Paul Laurence Dunbar Talent & Versatility Allowed Him to Succeed in Two Worlds

by | May 2, 2016 | Profiles in Black History | 0 comments

Poet and author Paul Laurence Dunbar was so talented and versatile that he succeeded in two worlds. He was so adept at writing verse in Black dialect thaqt he becameknown as the “poet of his people,” while also cultivating a white audience that appreciated his brilliance and value of his work.

Majors and Minors (1895), Dunbar’s second collection of verse, financed by several white friends, was a remarkable work containing standard English. Melodic and rhythmical, his lines in this and other works often sing and swing along gloriously. When the country’s reigning literary critic, William Dean Howells reviewed majors and Minors favorably, Dunbar became famous. And Howells’, introduction in Lyric of Lowly Life (1896) helped make Dunbar the most popular African-American writer in America at the time.

Dunbar had plenty of experience bridging racial gaps. Despite being the only African-American in his class at Central high school in Dayton, Ohio, he was well liked by teachers and classmates and was elected president of the school literary society and editor of the school paper in his senior year.

Even though he reached a point when publications competed for anything (poems, short stories, novels, prose, sketches, plays and musical lyrics) that sprang from his fertile mind, Dunbar wrote for a living and had to please popular reading tastes for light, romantic, and sentimental.

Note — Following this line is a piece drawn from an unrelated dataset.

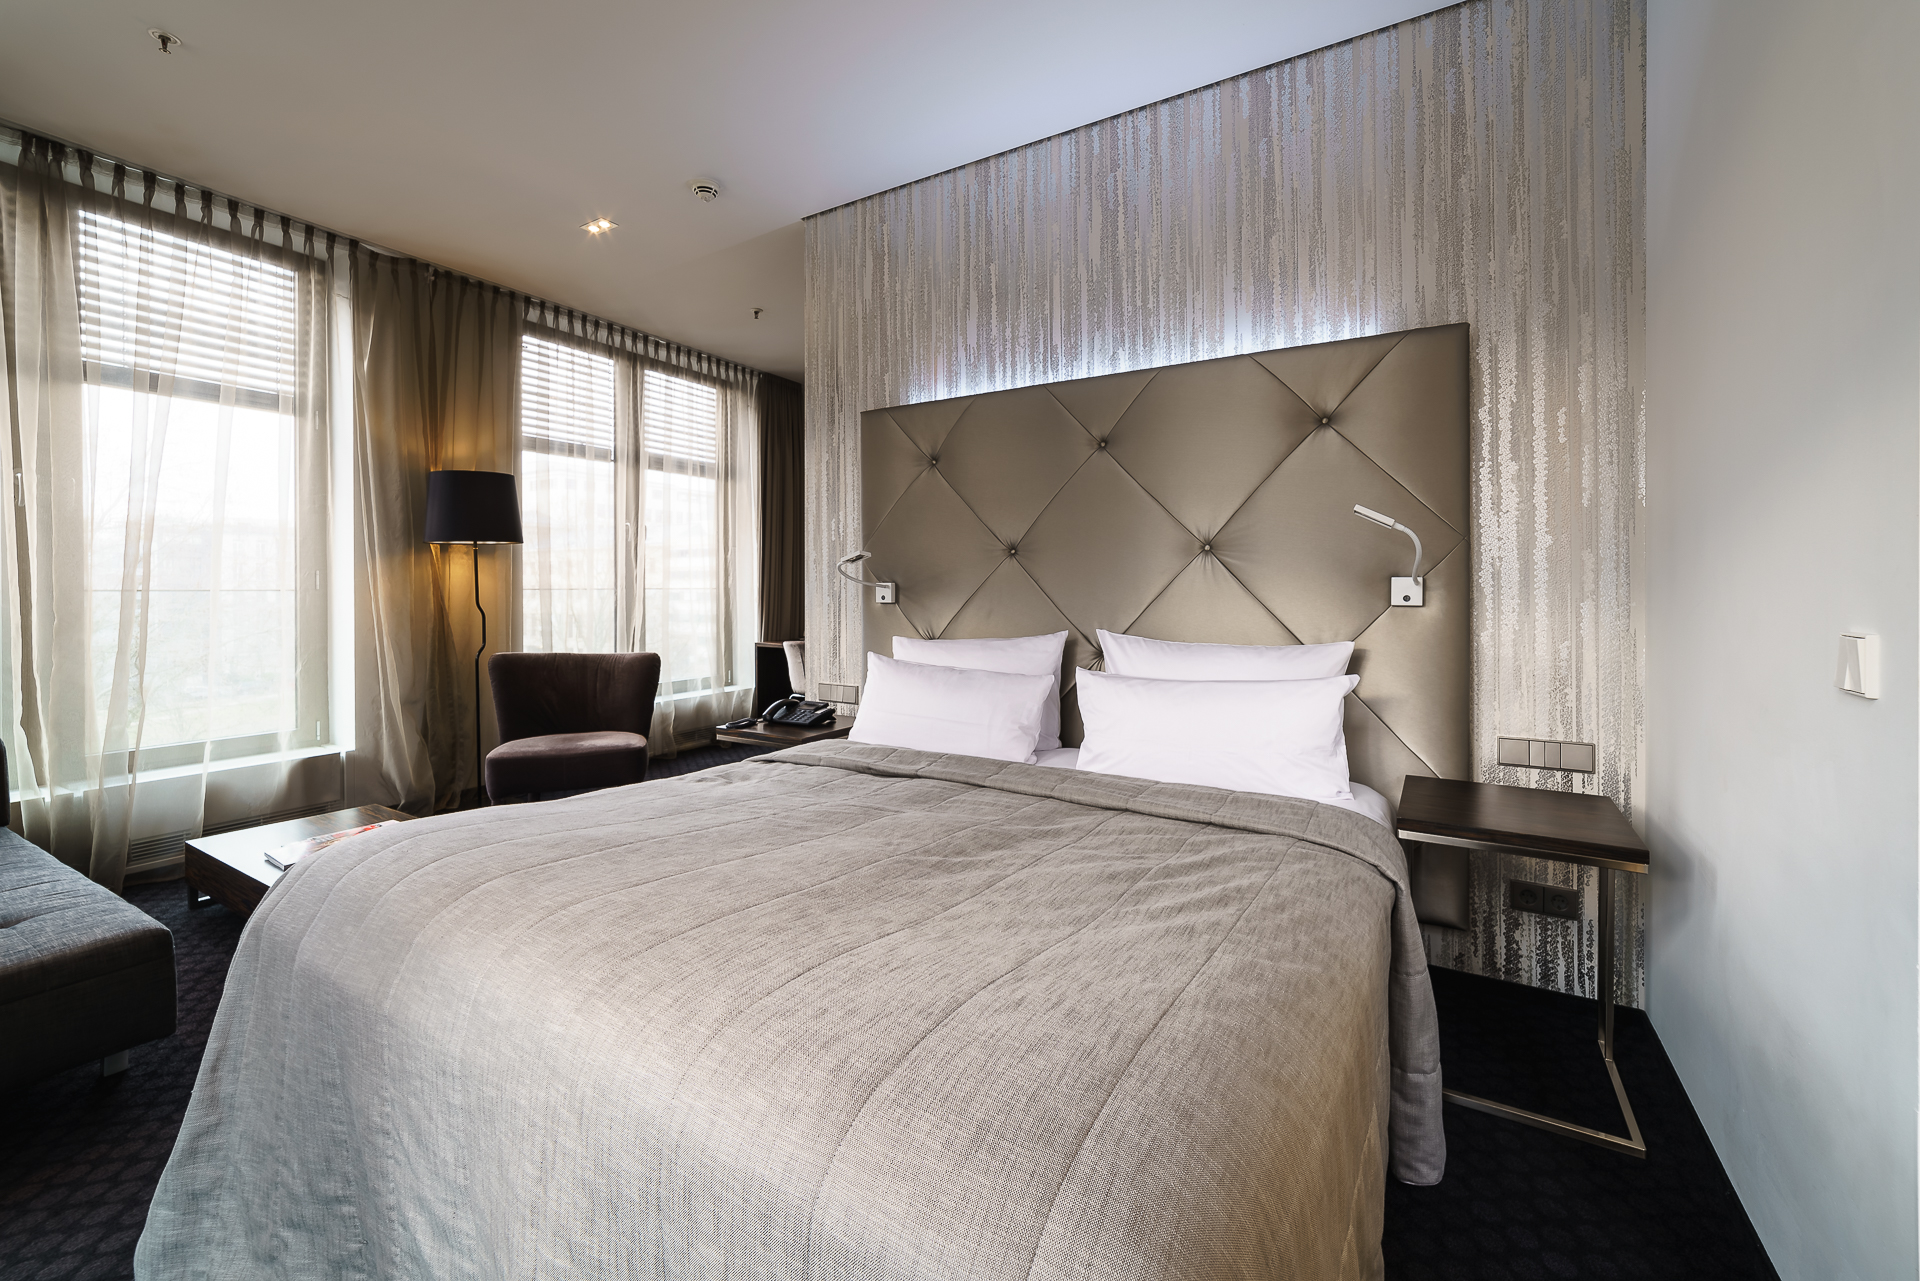 Design-hotel-Cosmo-Berlin-Mitte

But he did publish a few pieces that spoke out gently against the typical treatment of his people, including “We Wear the Mask” and “The Haunted Oak,” an anti-lynching poem.

Despite worsening health from the tuberculosis he succumbed to at age 34 in 1906, Dunbar produced four collections of short stories and a quartet of novels in a creative outpouring between 1898 and 1904.

Paul Laurence Dunbar

His most notable short-story collections were Folks From Dixie and The Heart of Happy Hollow, and his novels included The Fanatics, a tale of political conflict involving two Civil War families, and the The Sport of the Gods, about injustice suffered by an innocent African-American family.